The British currency has cheerfully started November, but experts fear that its ardor will fade in the near future. The prerequisites for this are economic instability in the UK and the long-term strengthening of the US currency, which is not going to give up its position.
Sterling ended October on a negative note, losing 1% shortly before the decisive meeting of the Federal Reserve, which will end on Wednesday, November 2. According to its results, an additional increase in the interest rate by 75 bps is expected. The implementation of such a scenario will be the first step for the Fed to slow down the pace of rate hikes starting in December 2022, economists believe.
The past month was a time of recovery for the pound, experts believe. Against this background, the GBP/USD pair gained 3%, simultaneously reaching an impressive 1.1646. In many ways, this improvement is due to the curtailment of the economic policy of Liz Truss, the former prime minister of Great Britain, and her resignation. However, it was not only the rejection of the "mini-budget" that helped GBP get out of the price hole. The expectation of positive changes in the Fed's policy played a significant role. In addition, at the end of October, the US currency weakened.

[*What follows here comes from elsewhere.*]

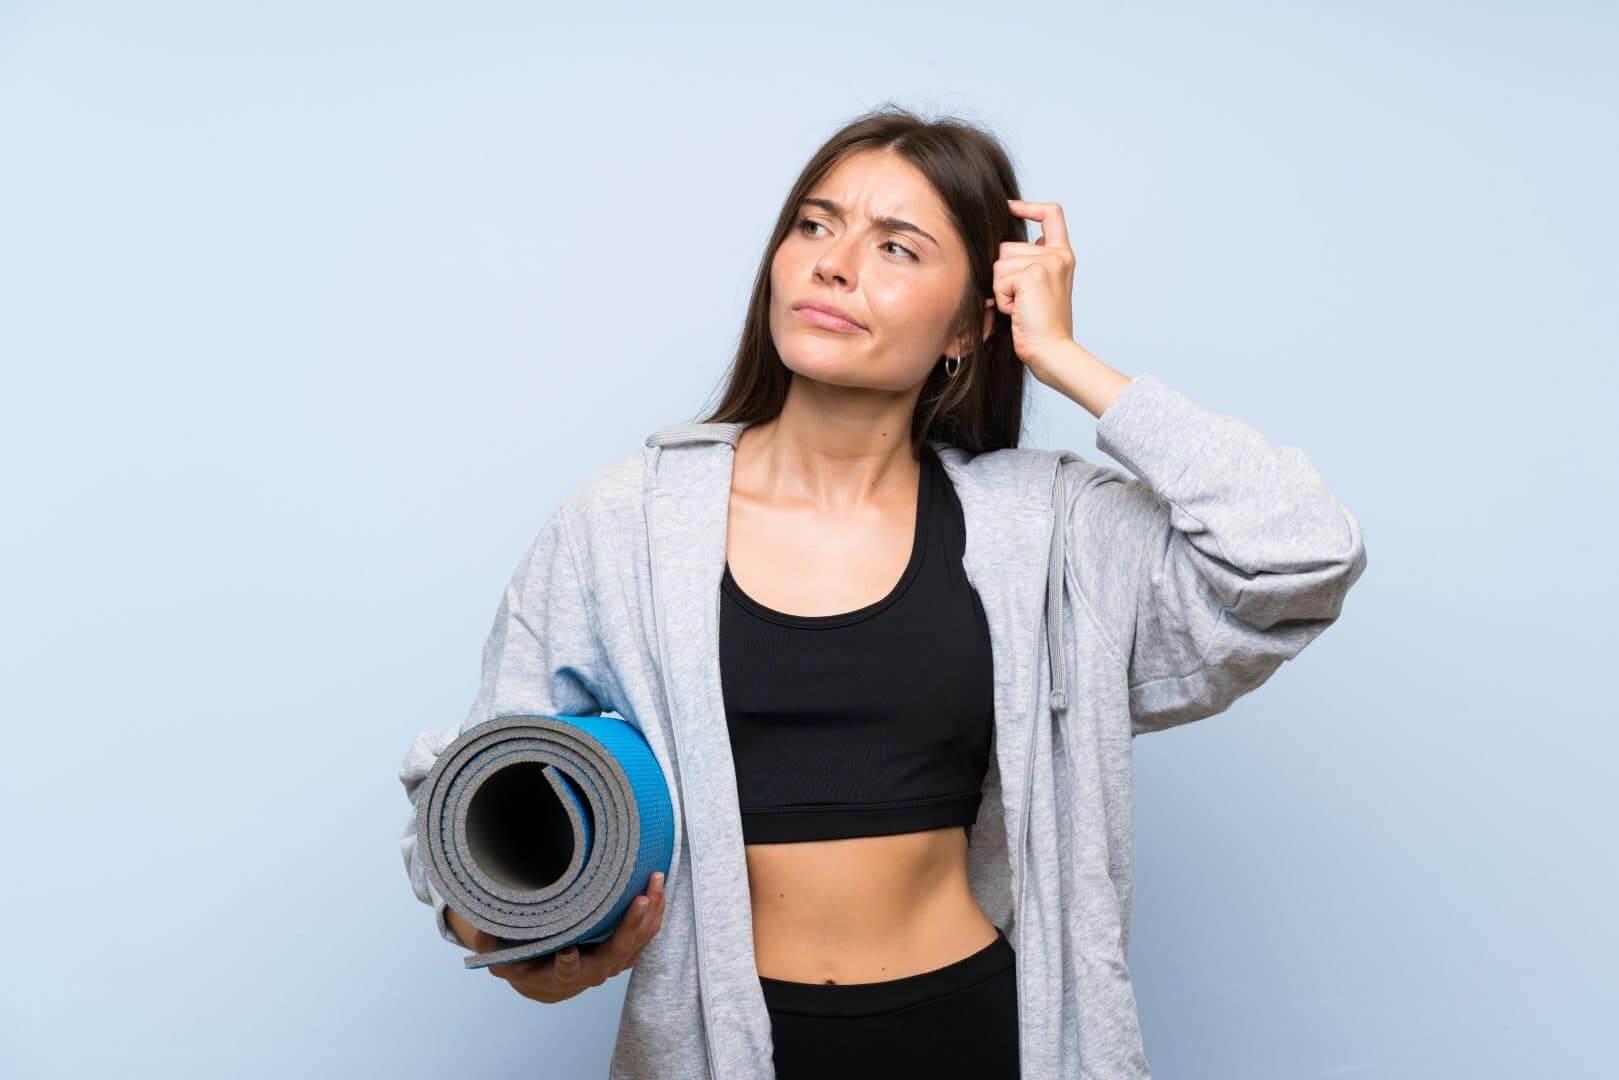 Derfor får du bumser af motion og træning

At the beginning of the last month of autumn, the pound behaved cautiously, occasionally trying to rise. On Wednesday morning, November 2, the GBP/USD pair was trading at 1.1513, significantly retreating from the previous high positions. This was facilitated by the strengthening of the greenback, which continues its victorious march in the global market.
According to currency strategists at Bank of America (BofA), in the short and medium term, the dollar will still be the leader. Analysts are confident in the dollar's dominance. However, the implementation of such a scenario can dramatically limit the recent recovery of the pound. A similar development is likely with the next increase in the Fed's interest rate, according to BofA.
By the end of 2022, the market expects an additional rise in the Fed rate (the total volume of these increases is 135 bps). At the same time, by the first quarter of 2023, the peak of the federal funds rate will be 5%, BofA is confident. The bank believes that the Fed's decision in November will provide significant support to the greenback. According to John Skeen, currency strategist at Bank of America, at the moment the US currency is at 40-year highs. At the same time, "the strength of the dollar will remain at such levels at the beginning of 2023," the expert emphasizes.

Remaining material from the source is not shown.